[ENTRIES PROVIDED]
######

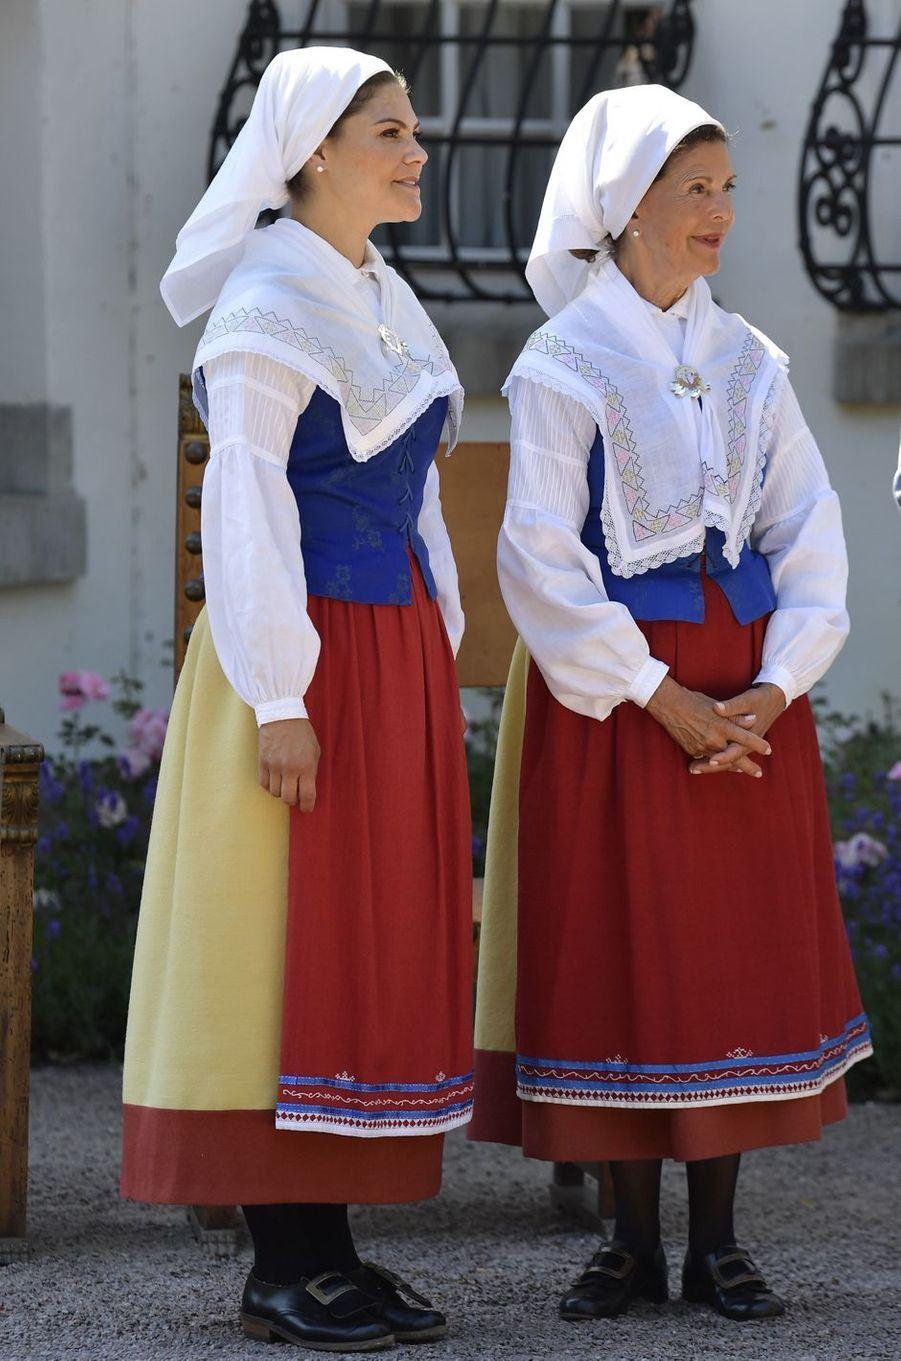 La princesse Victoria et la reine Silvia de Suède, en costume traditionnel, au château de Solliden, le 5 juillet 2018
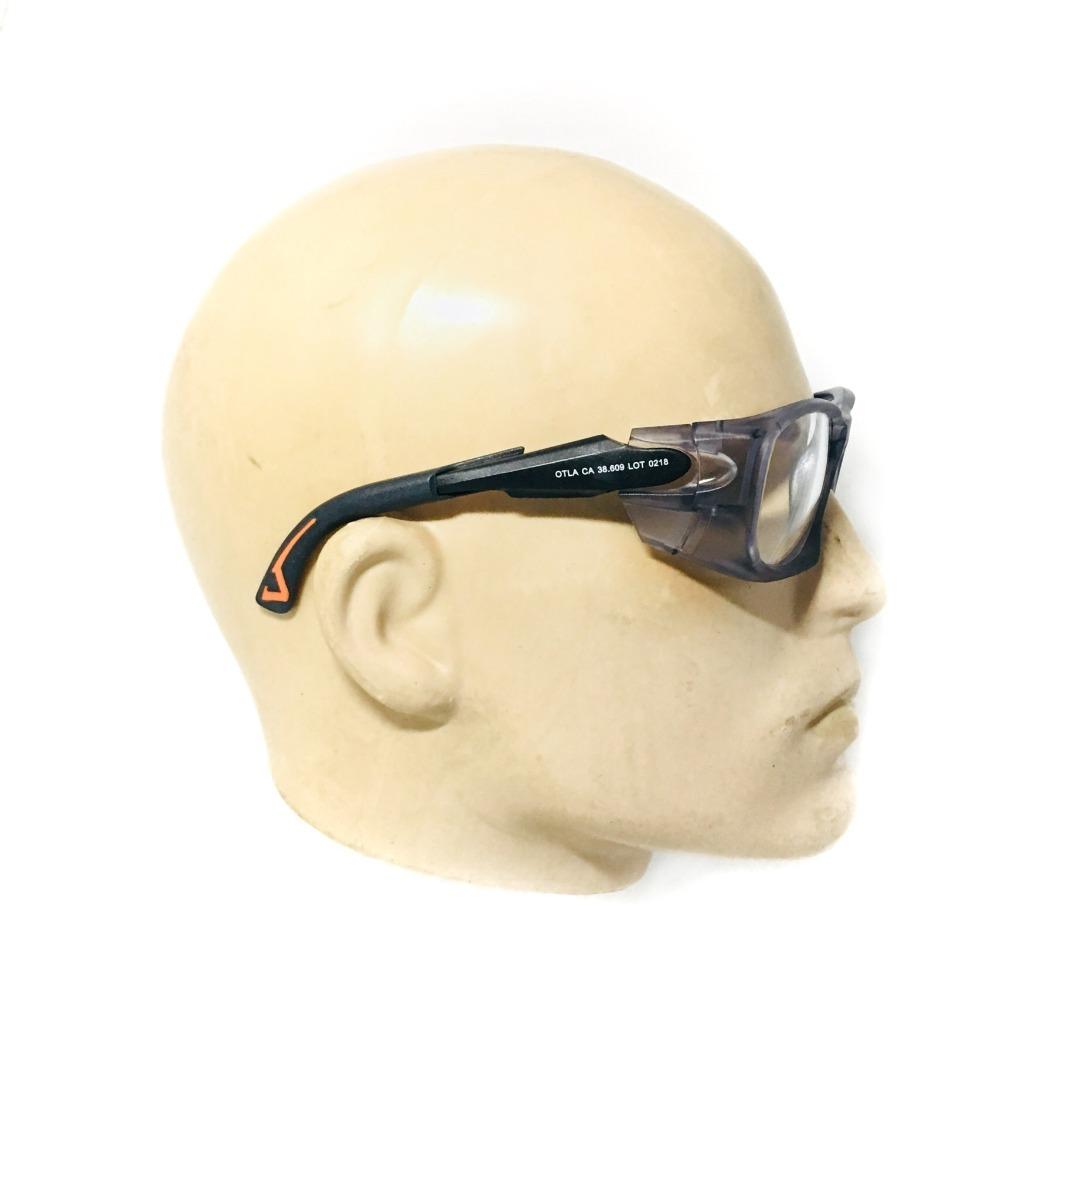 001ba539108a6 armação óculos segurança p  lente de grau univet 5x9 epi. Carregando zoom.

######

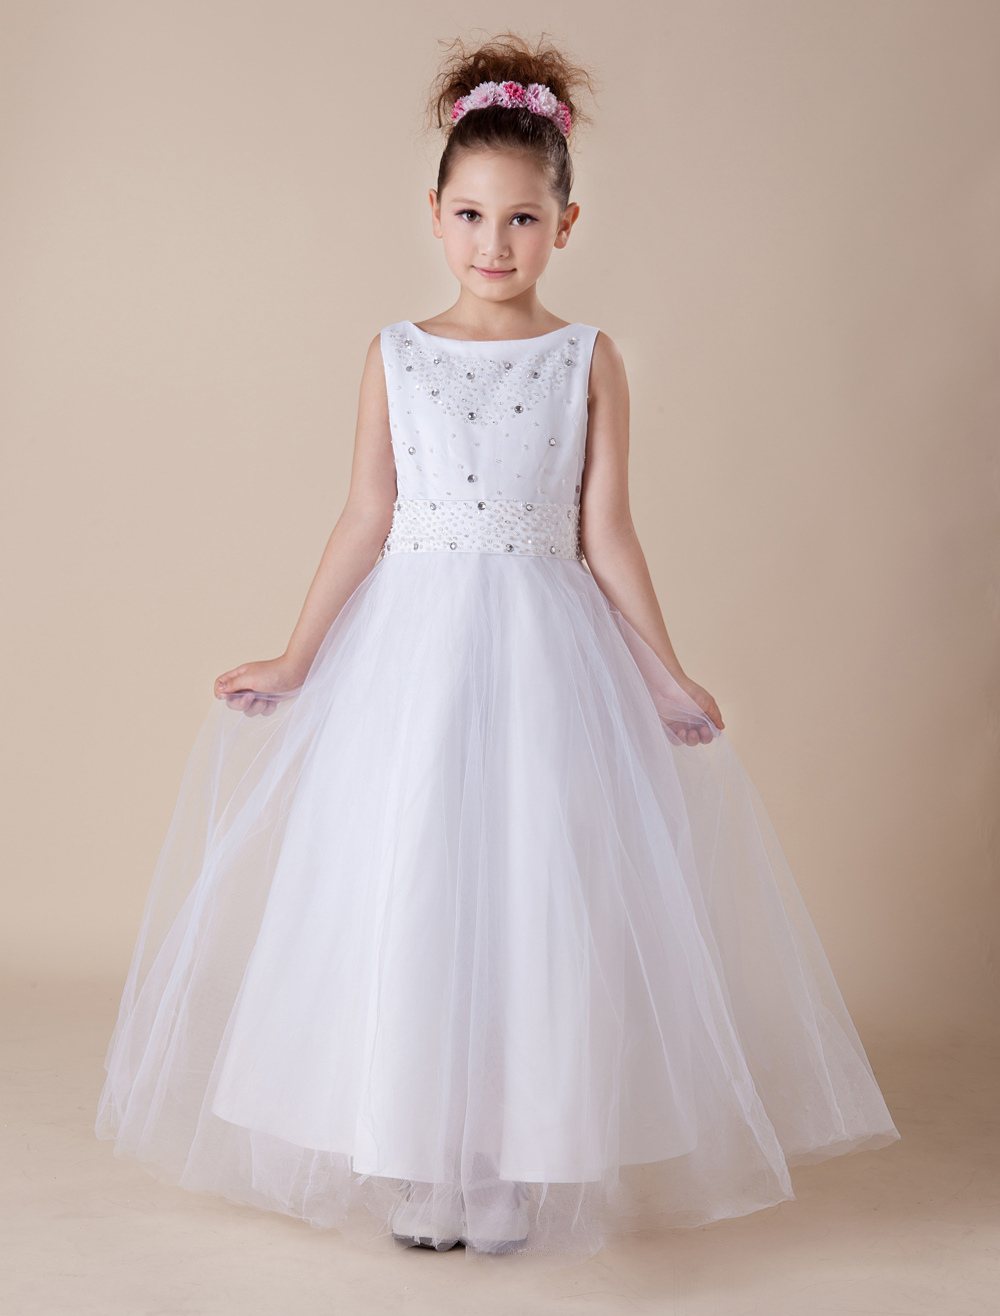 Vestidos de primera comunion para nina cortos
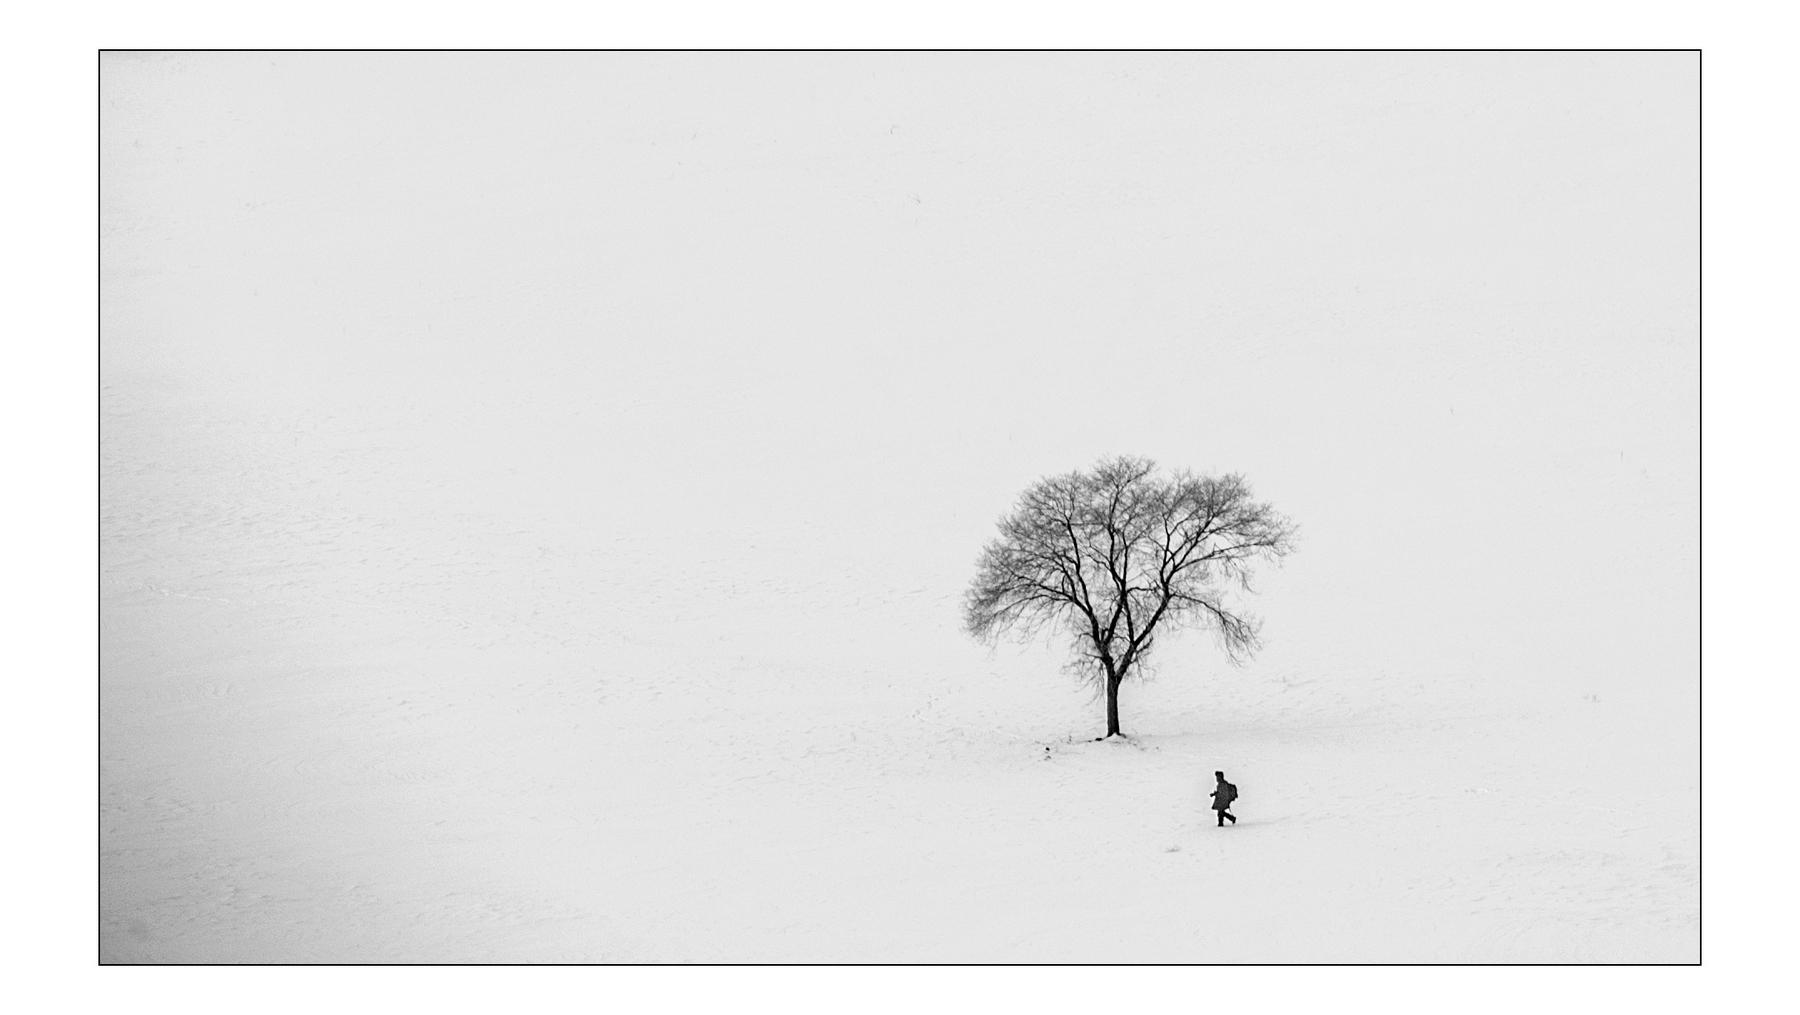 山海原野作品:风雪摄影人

######

Range to copy from the listing above: the line with "La princesse Victoria" through the line with "001ba539108a6 armação óculos". Transcribe it exactly and skip the pictures.

[EXERCISE SOLUTION]
 La princesse Victoria et la reine Silvia de Suède, en costume traditionnel, au château de Solliden, le 5 juillet 2018
 001ba539108a6 armação óculos segurança p  lente de grau univet 5x9 epi. Carregando zoom.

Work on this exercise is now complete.